Dataset content Start Marker
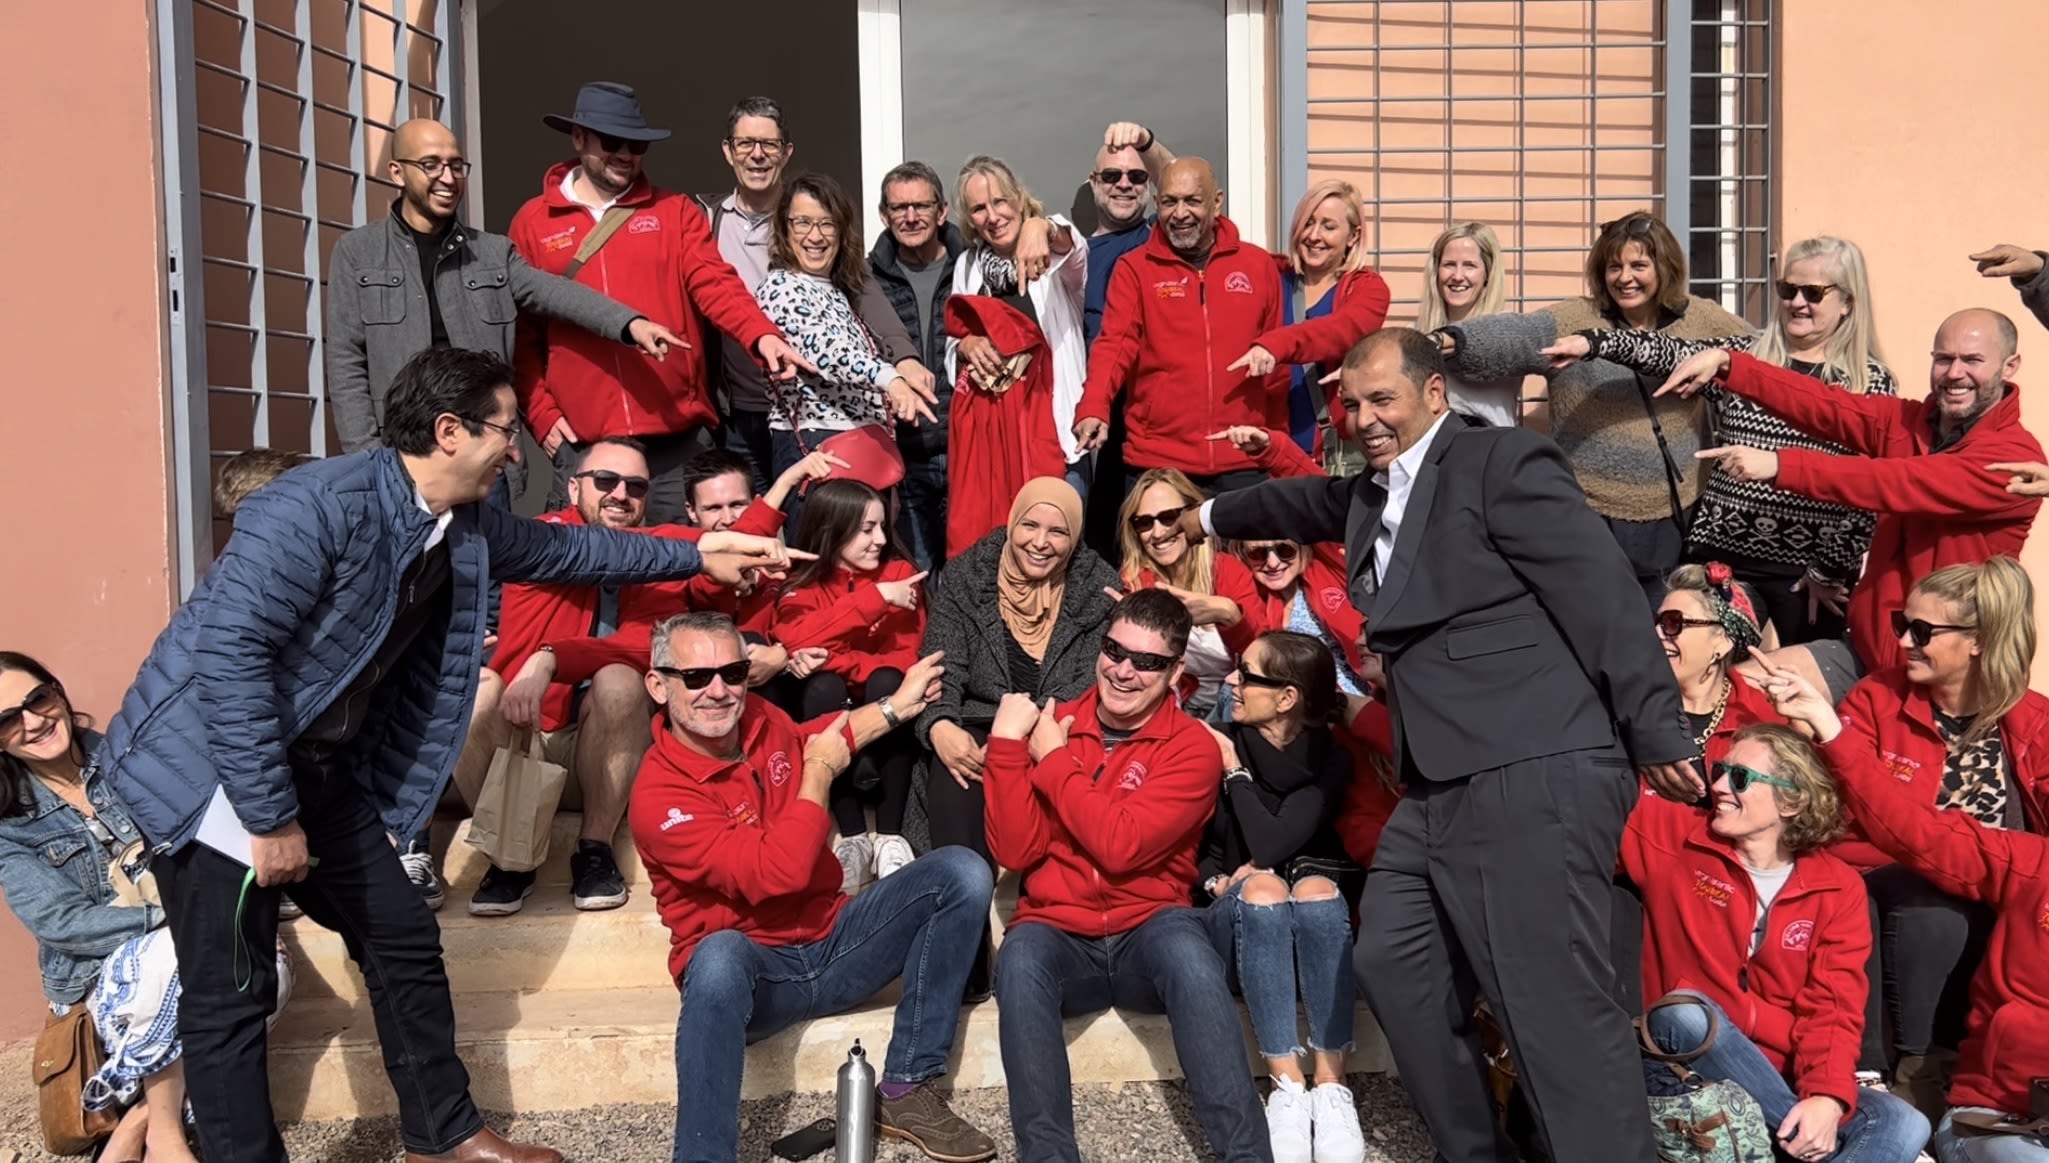 Fatima Gouansa, EBF Operations Manager, on the steps of the study centre with Virgin Atlantic's Climb Morocco 2022 group
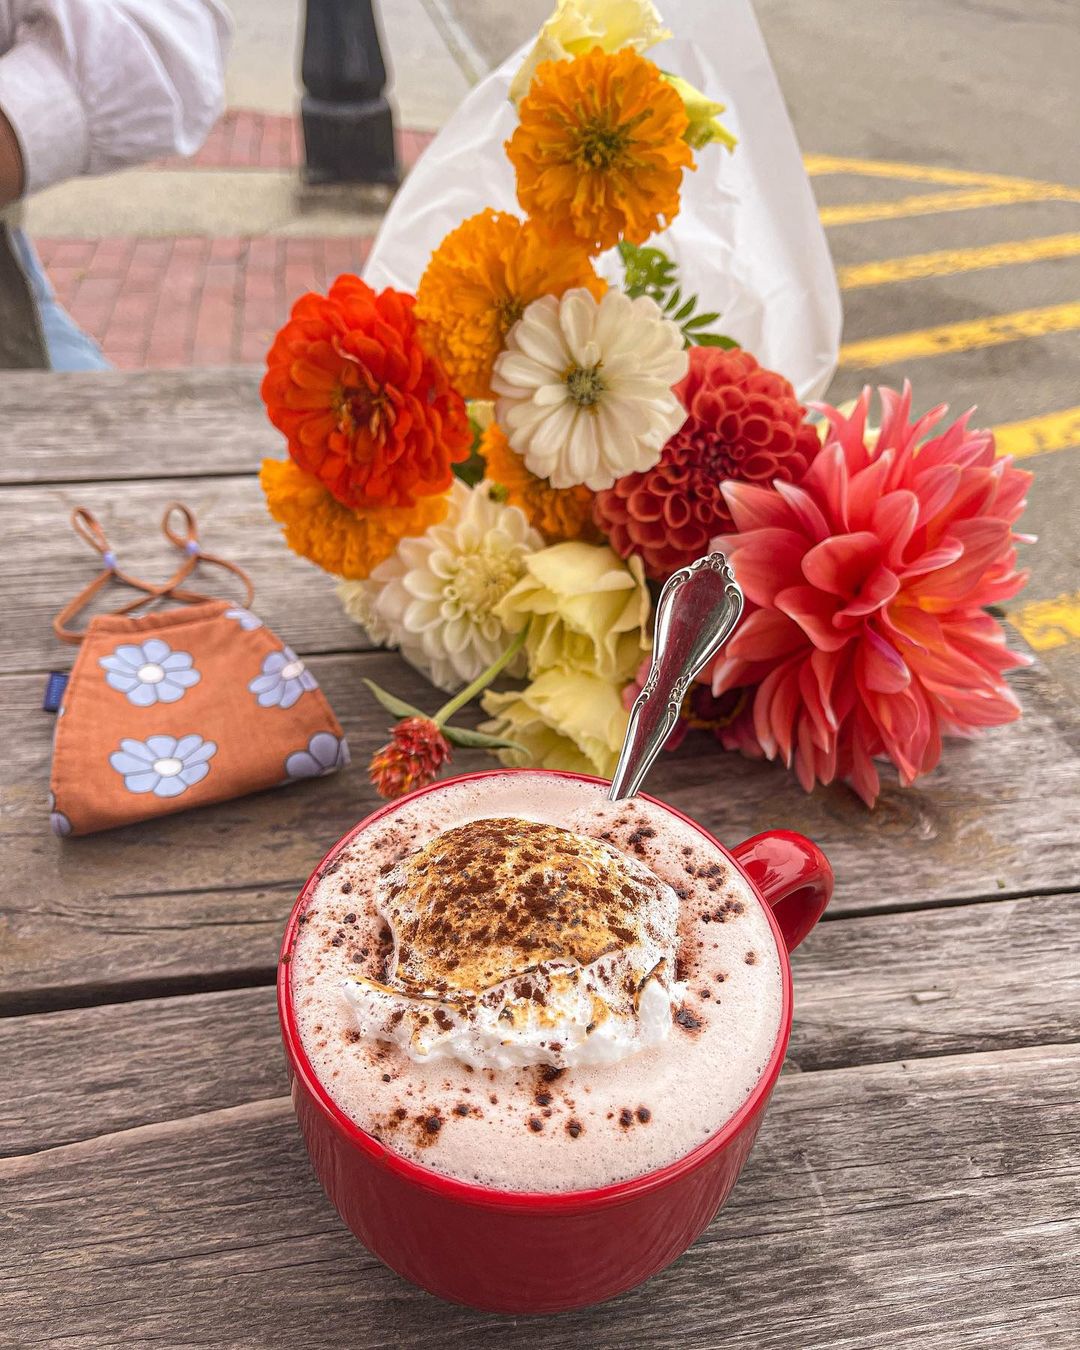 Coffee in a red cup, a bouquet of flowers, and an orange floral face mask on a wooden table
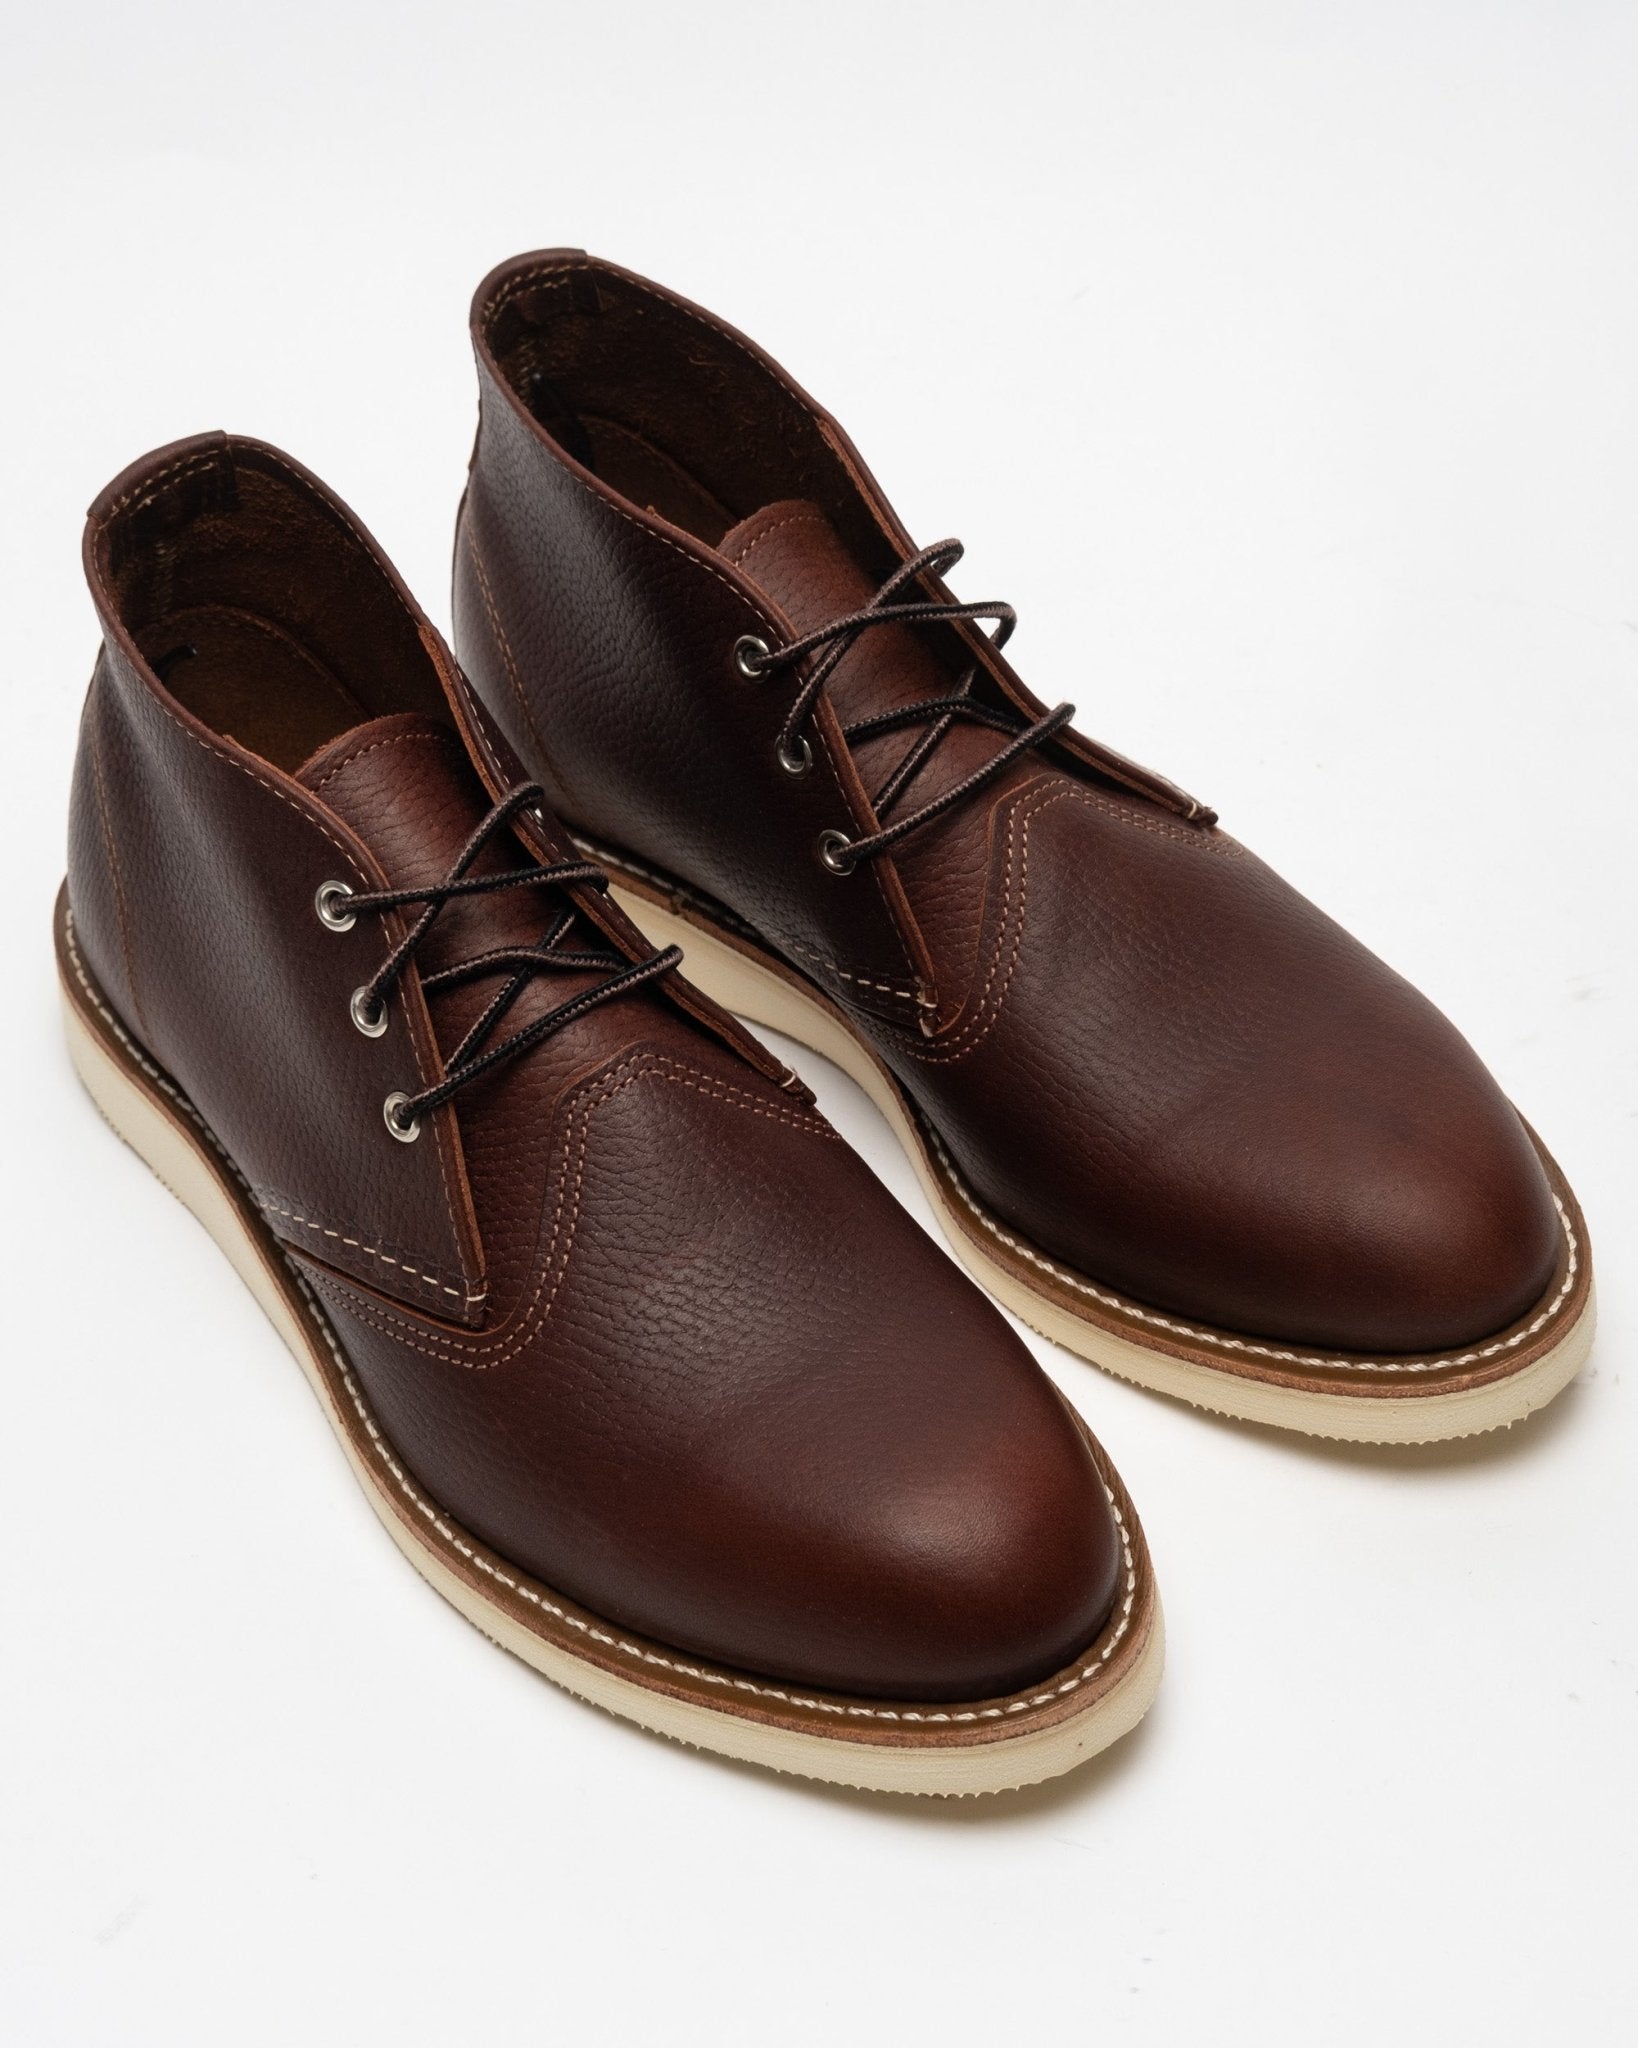 3141 Work Chukka Brial Oil Slick Leather - Meadow
Dataset content End Marker
▶ _The problem_:
Would you reproduce the lines above exactly, without carrying over the pictures?

▶ _Output_:
 Fatima Gouansa, EBF Operations Manager, on the steps of the study centre with Virgin Atlantic's Climb Morocco 2022 group
 Coffee in a red cup, a bouquet of flowers, and an orange floral face mask on a wooden table
 3141 Work Chukka Brial Oil Slick Leather - Meadow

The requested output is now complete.